Input for this task Start Marker

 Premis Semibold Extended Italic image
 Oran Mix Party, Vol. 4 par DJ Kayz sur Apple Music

Input for this task End Marker
Input for this task Start Marker

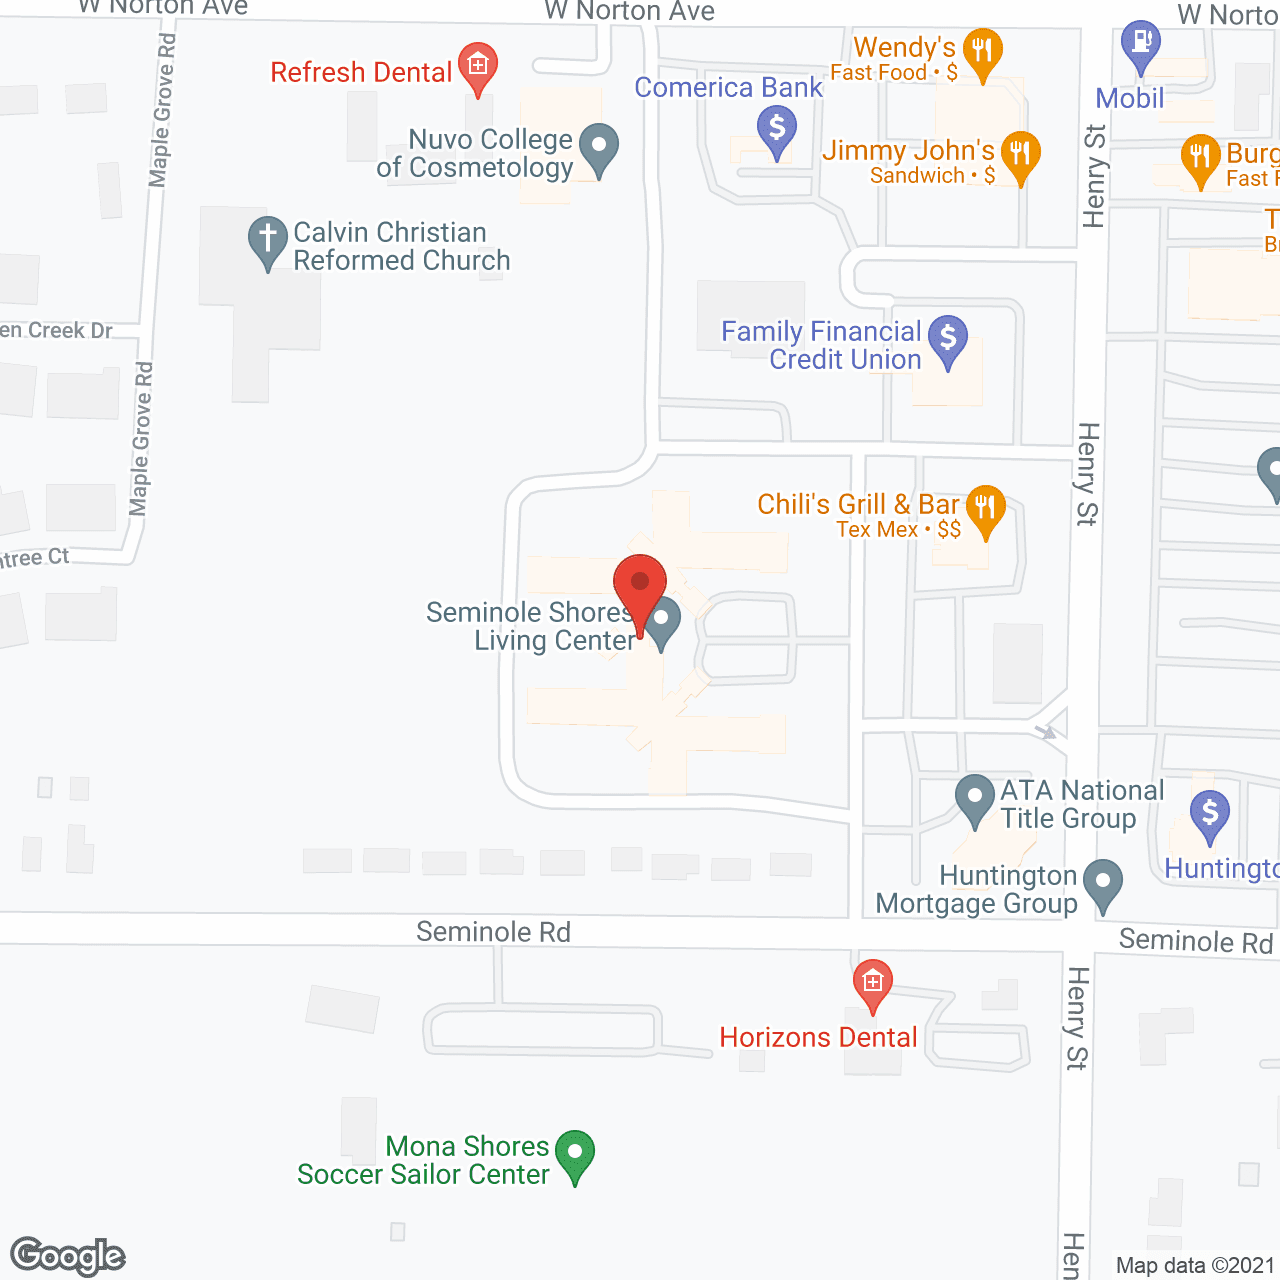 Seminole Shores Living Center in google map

Input for this task End Marker

▶ Exercise aim:
Write down again, exactly as given, only the lines above that fall from the line with "Premis Semibold Extended Italic image" to the line with "Oran Mix Party, Vol.", inclusive.

▶ Result below:
 Premis Semibold Extended Italic image
 Oran Mix Party, Vol. 4 par DJ Kayz sur Apple Music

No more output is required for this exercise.